The CARMENES search for exoplanets around M dwarfs: Stable radial-velocity variations at the rotation period of AD~Leonis -- A test case study of current limitations to treating stellar activity

TL;DR

This study investigates whether stellar activity or a potential exoplanet causes the 2.23-day radial velocity signal in AD Leo, using multi-instrument data and advanced modeling, ultimately highlighting current limitations in distinguishing these effects.

Contribution

It introduces a comprehensive Bayesian analysis combining optical and near-IR RV data with activity indicators to assess stellar activity versus planetary signals.

Findings

The 2.23-day RV signal correlates with activity indicators and exhibits chromaticity.

A mixed model of stable and variable components best explains the data.
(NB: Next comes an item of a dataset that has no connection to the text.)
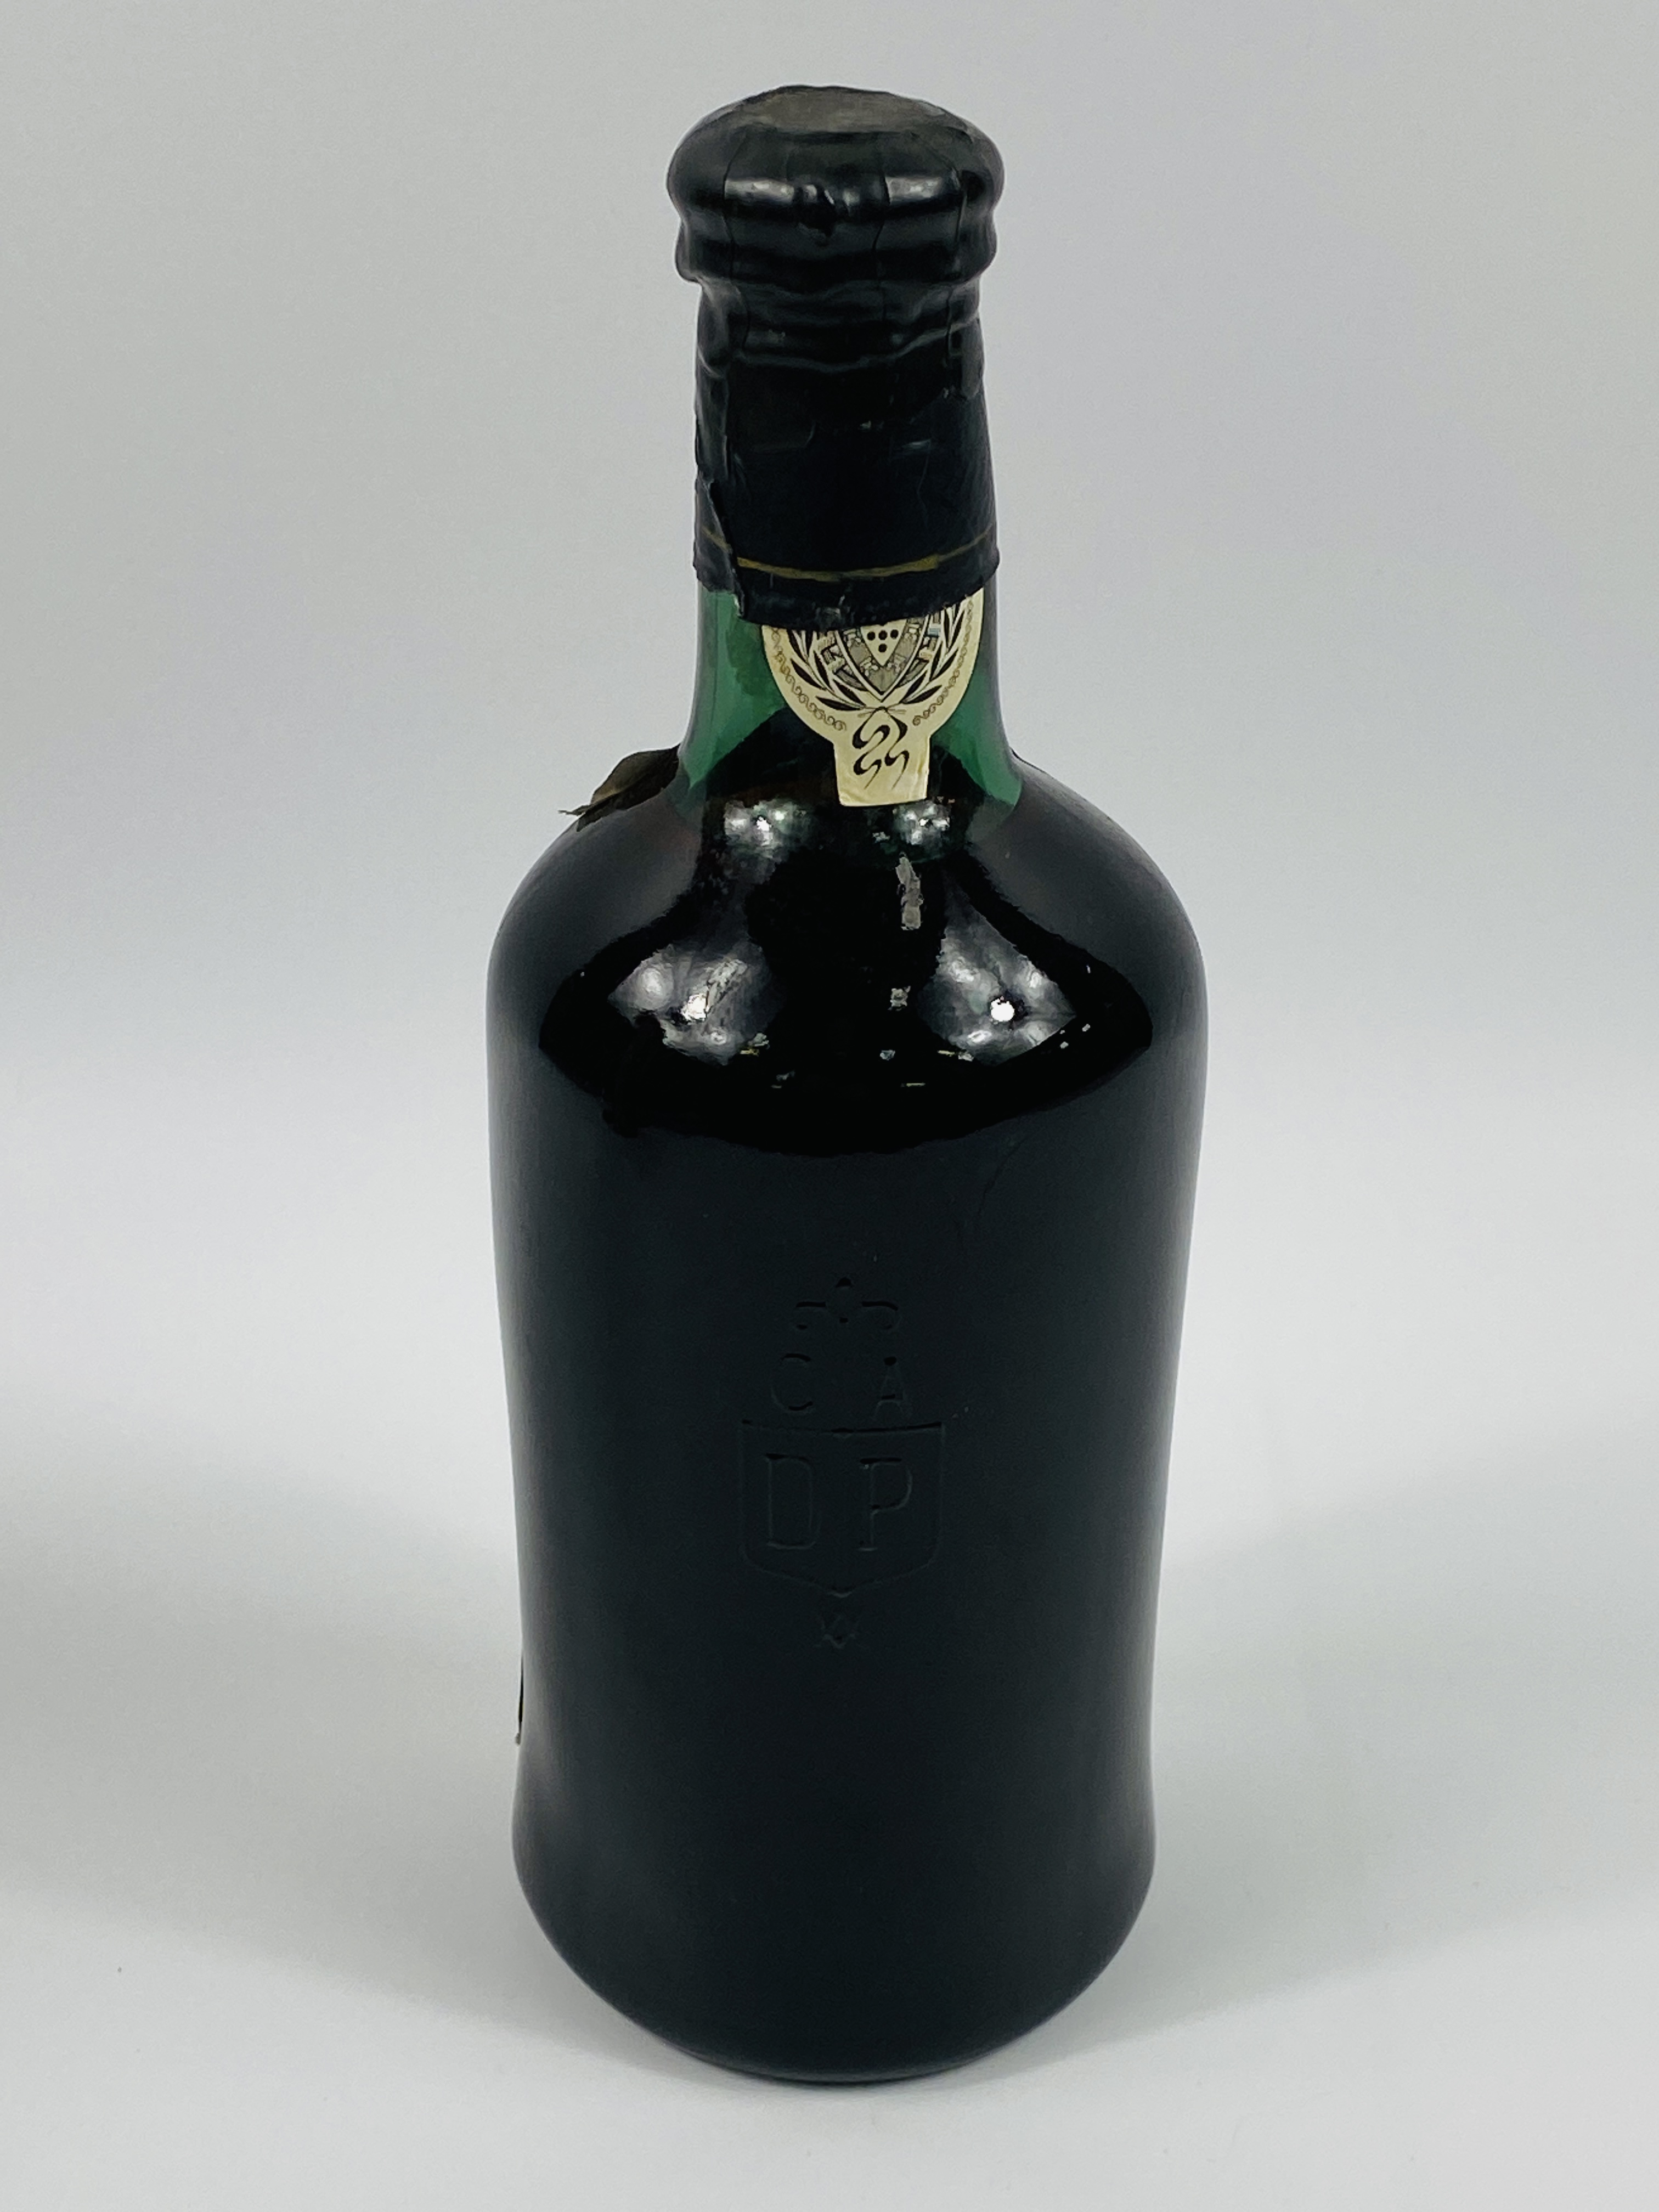 26fl oz bottle of Royal Oporto Vinho do Porto, 1963 - Image 3 of 3

No definitive planet detection; planets >27 Earth masses are ruled out.

Abstract

Context: A challenge with radial-velocity (RV) data is disentangling the origin of signals either due to a planetary companion or to stellar activity. In fact, the existence of a planetary companion has been proposed, as well as contested, around the relatively bright, nearby M3.0V star AD Leo at the same period as the stellar rotation of 2.23d. Aims: We further investigate the nature of this signal. We introduce new CARMENES optical and near-IR RV data and an analysis in combination with archival data taken by HIRES and HARPS, along with more recent data from HARPS-N, GIANO-B, and HPF. Also, we address the confusion concerning the binarity of AD Leo. Methods: We consider possible correlations between the RVs and various stellar activity indicators accessible with CARMENES. We applied models within a Bayesian framework to determine whether a Keplerian model, a red-noise quasi-periodic model using a Gaussian process, or a mixed model would explain the observed data best. We also exclusively focus on spectral lines potentially associated with stellar activity. Results: The CARMENES RV data agree with the previously reported periodicity of 2.23d, correlate with some activity indicators, and exhibit chromaticity. However, when considering the entire RV data set, we find that a mixed model composed of a stable and a variable component performs best. Moreover, when recomputing the RVs using only spectral lines insensitive to activity, there appears to be some residual power at the period of interest. We therefore conclude that it is not possible to determinedly prove that there is no planet orbiting in synchronization with the stellar rotation given our data, current tools, machinery, and knowledge of how stellar activity affects RVs. We do rule out planets more massive than 27M_E (=0.084M_J). We also exclude any binary companion around AD Leo with Msini > 3-6M_J on orbital periods <14yr.